**Supplied records**.
/---
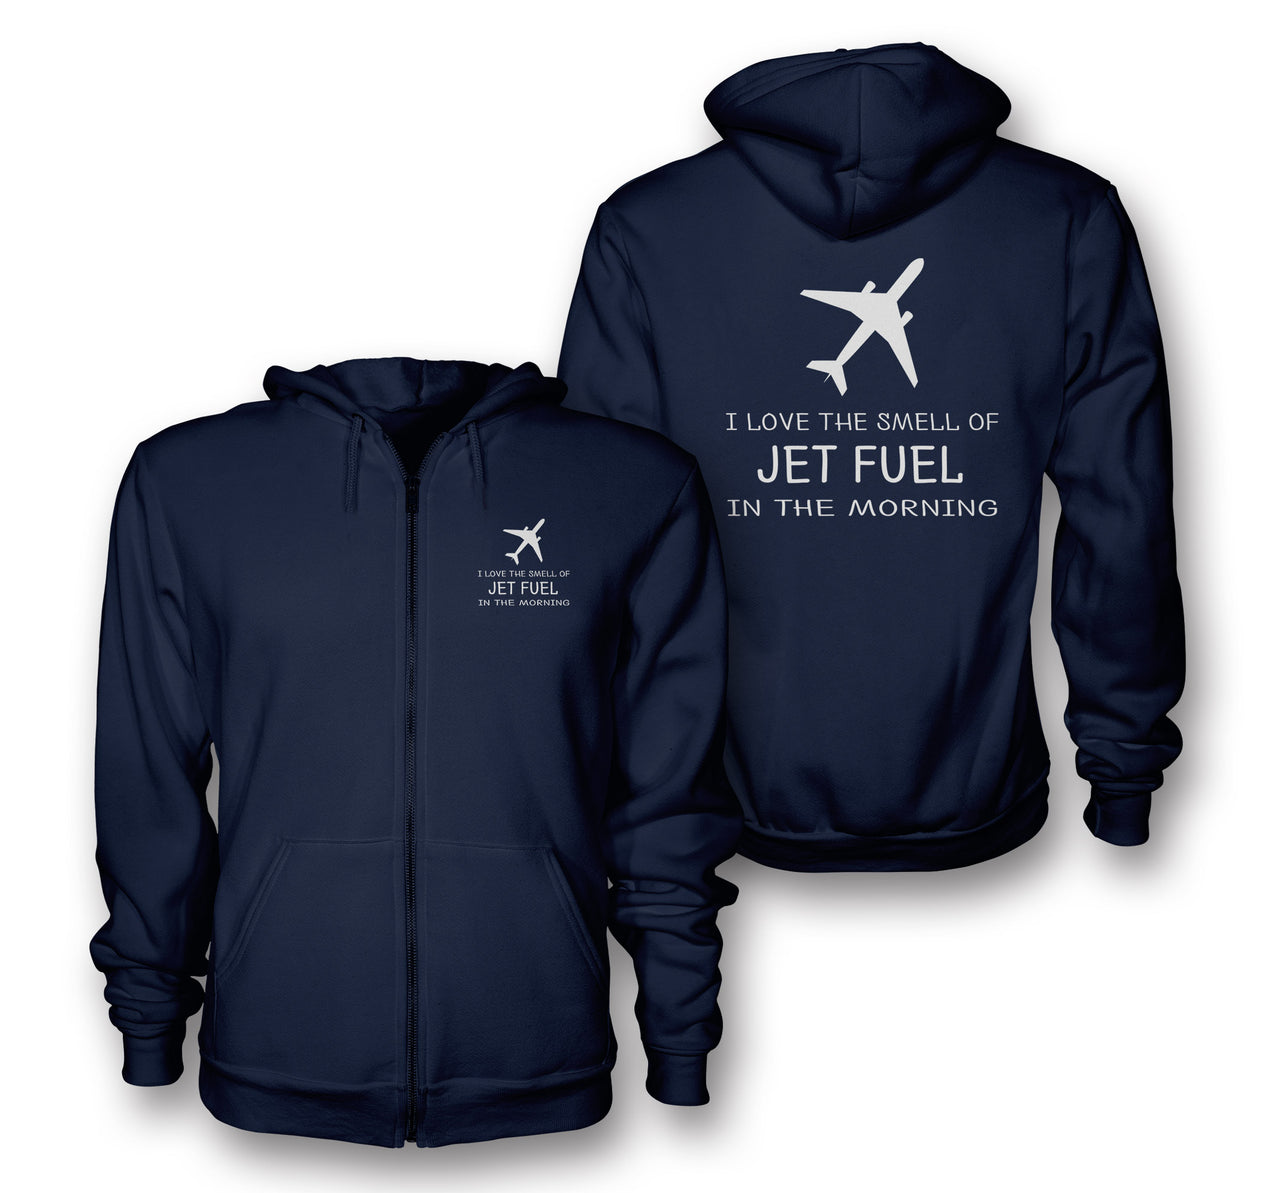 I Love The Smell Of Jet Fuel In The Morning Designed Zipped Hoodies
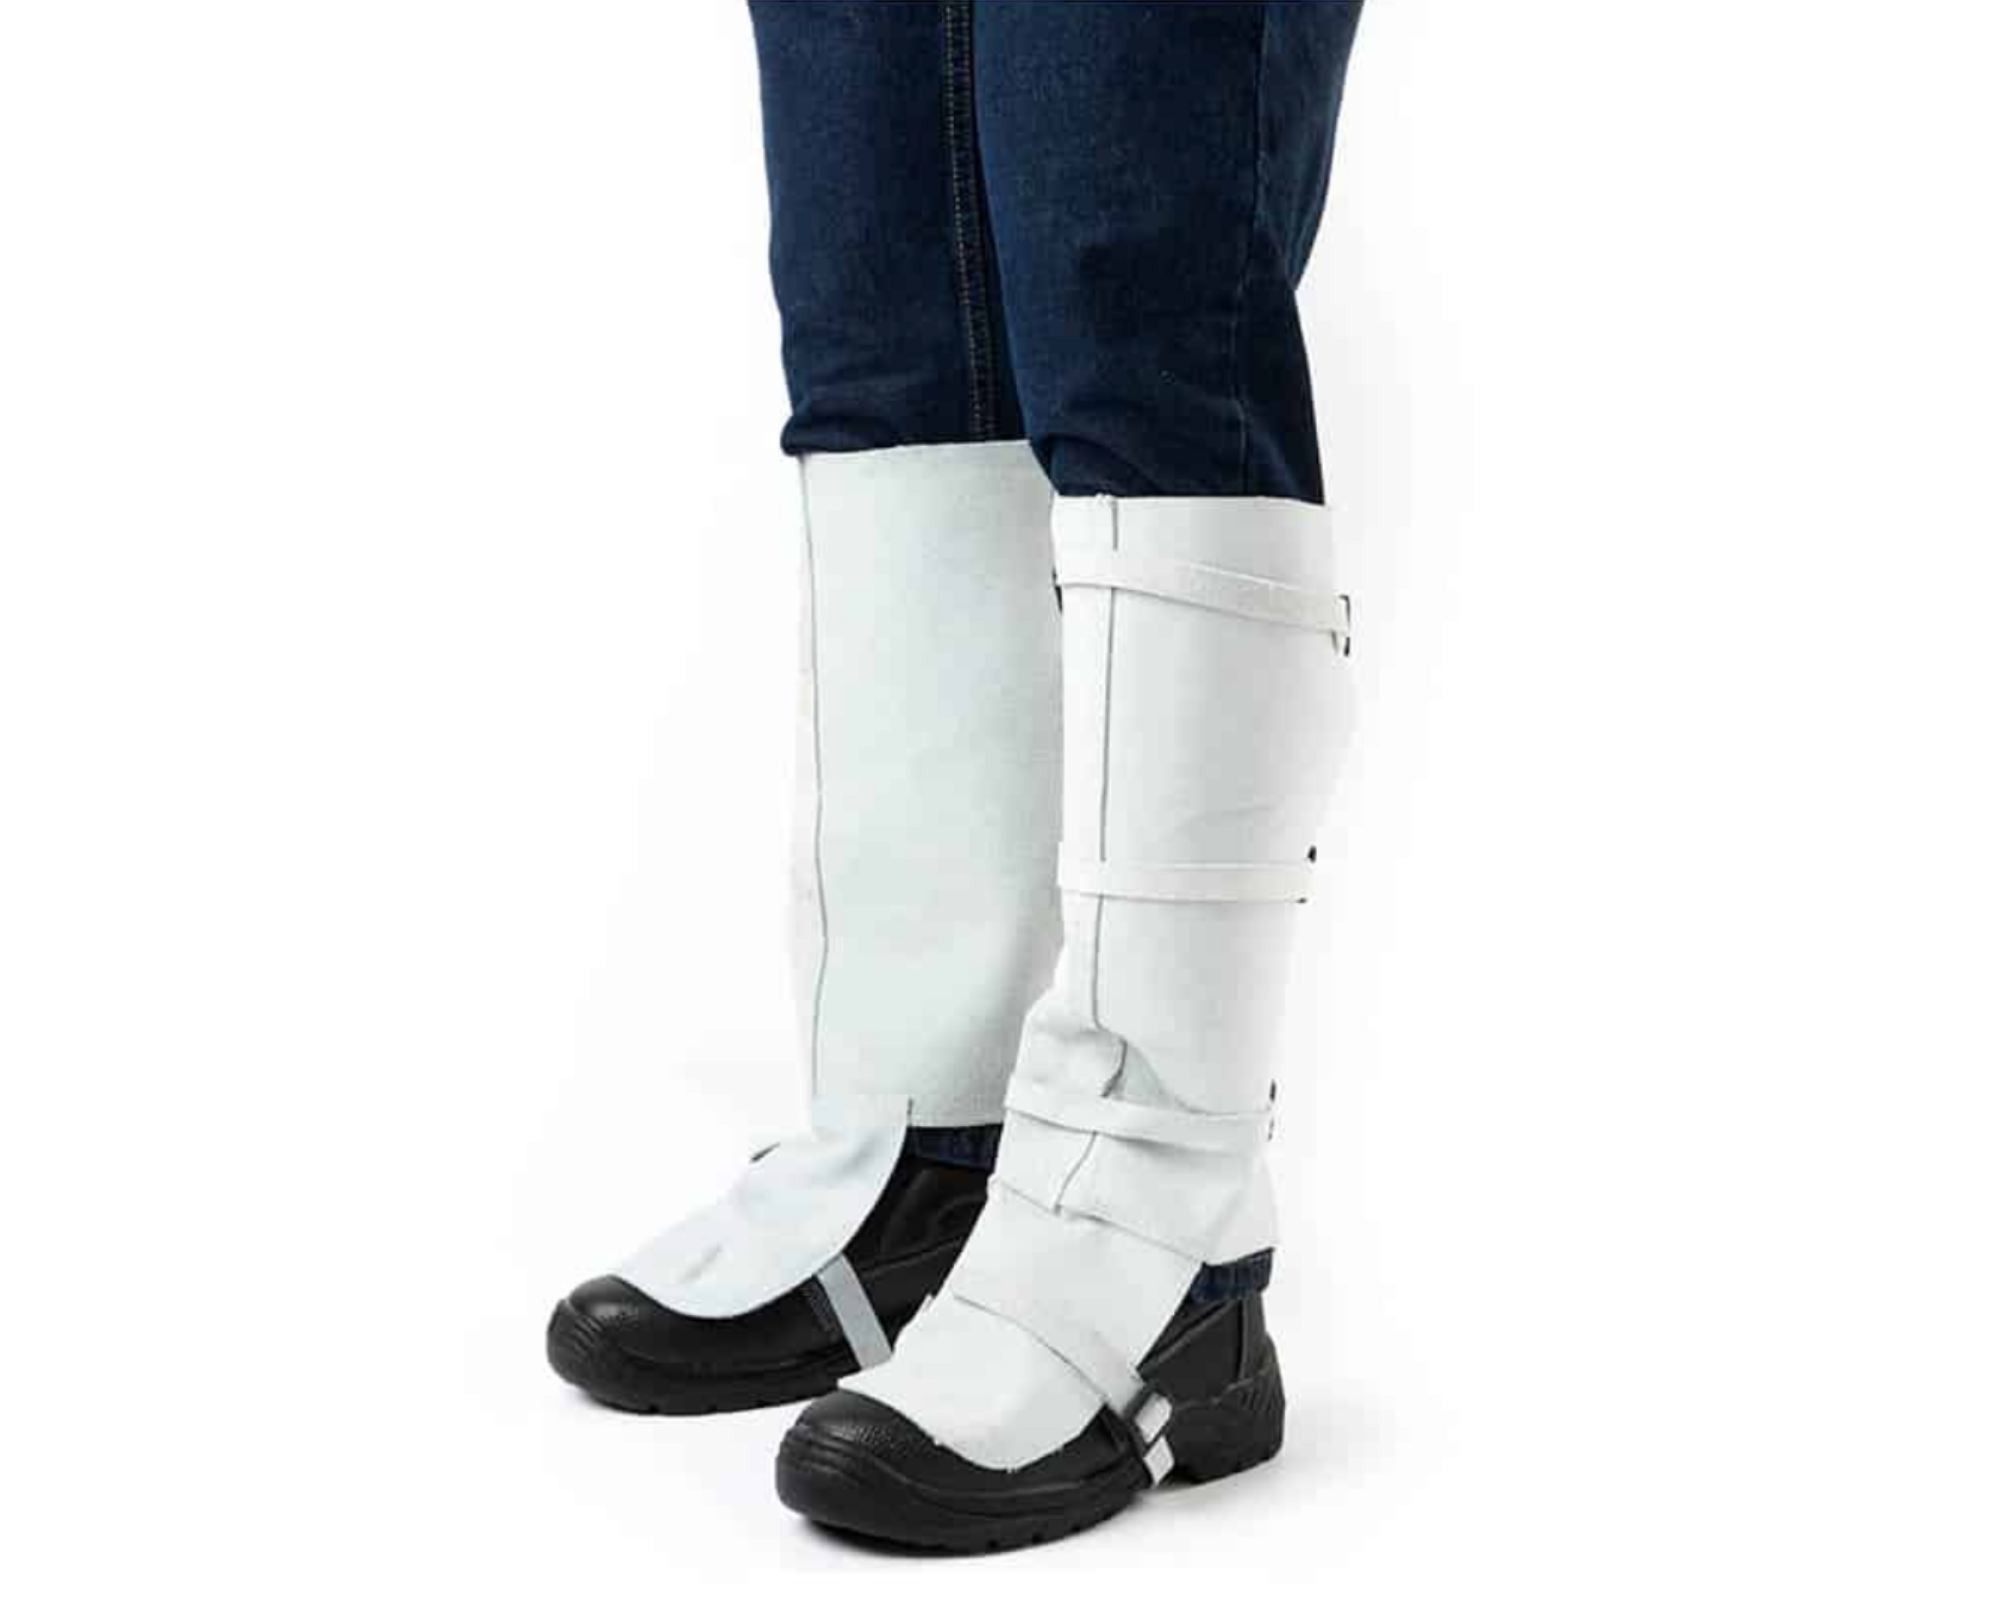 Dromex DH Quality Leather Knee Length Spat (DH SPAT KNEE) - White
\---
/---
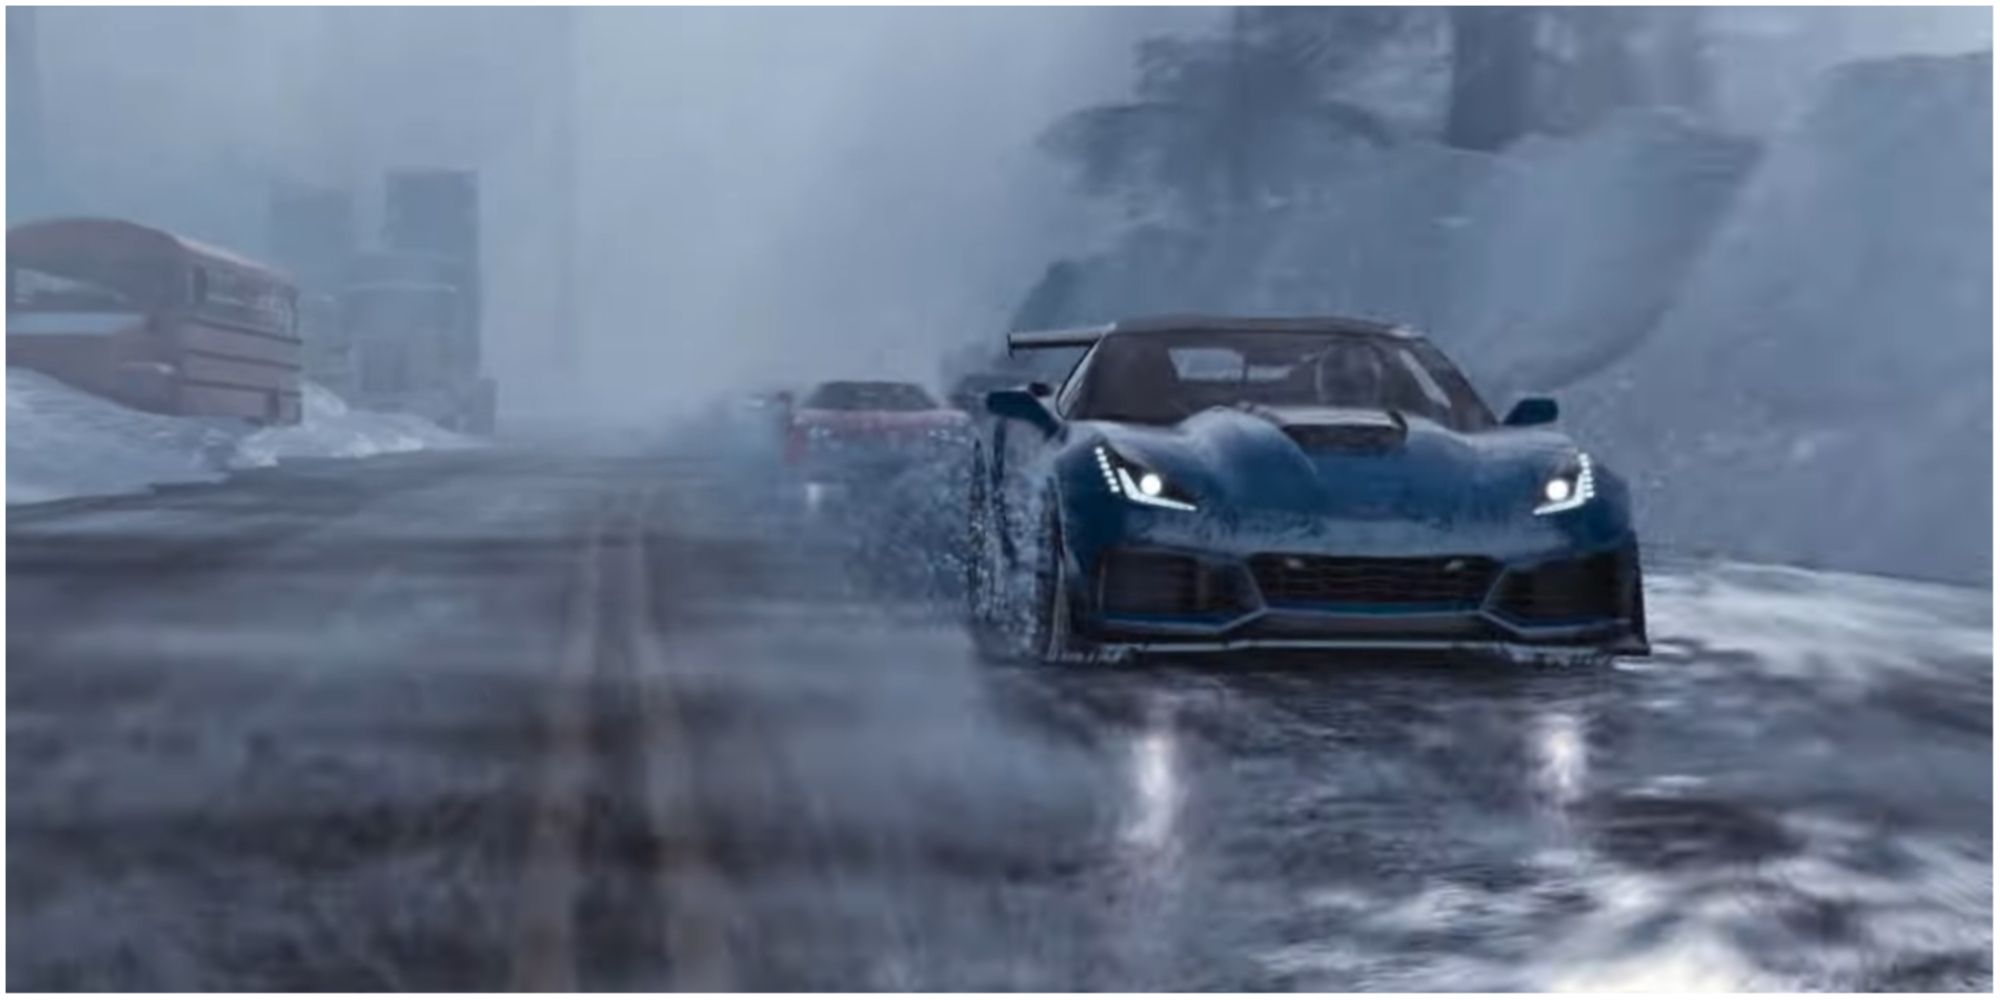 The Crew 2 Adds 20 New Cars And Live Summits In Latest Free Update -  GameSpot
\---
**Assigned task**.
Above are some entries; copy exactly the lines from the line with "I Love The Smell" through the line with "Dromex DH Quality", both included, but none of the pictures.

**Result of this exercise**.
 I Love The Smell Of Jet Fuel In The Morning Designed Zipped Hoodies
 Dromex DH Quality Leather Knee Length Spat (DH SPAT KNEE) - White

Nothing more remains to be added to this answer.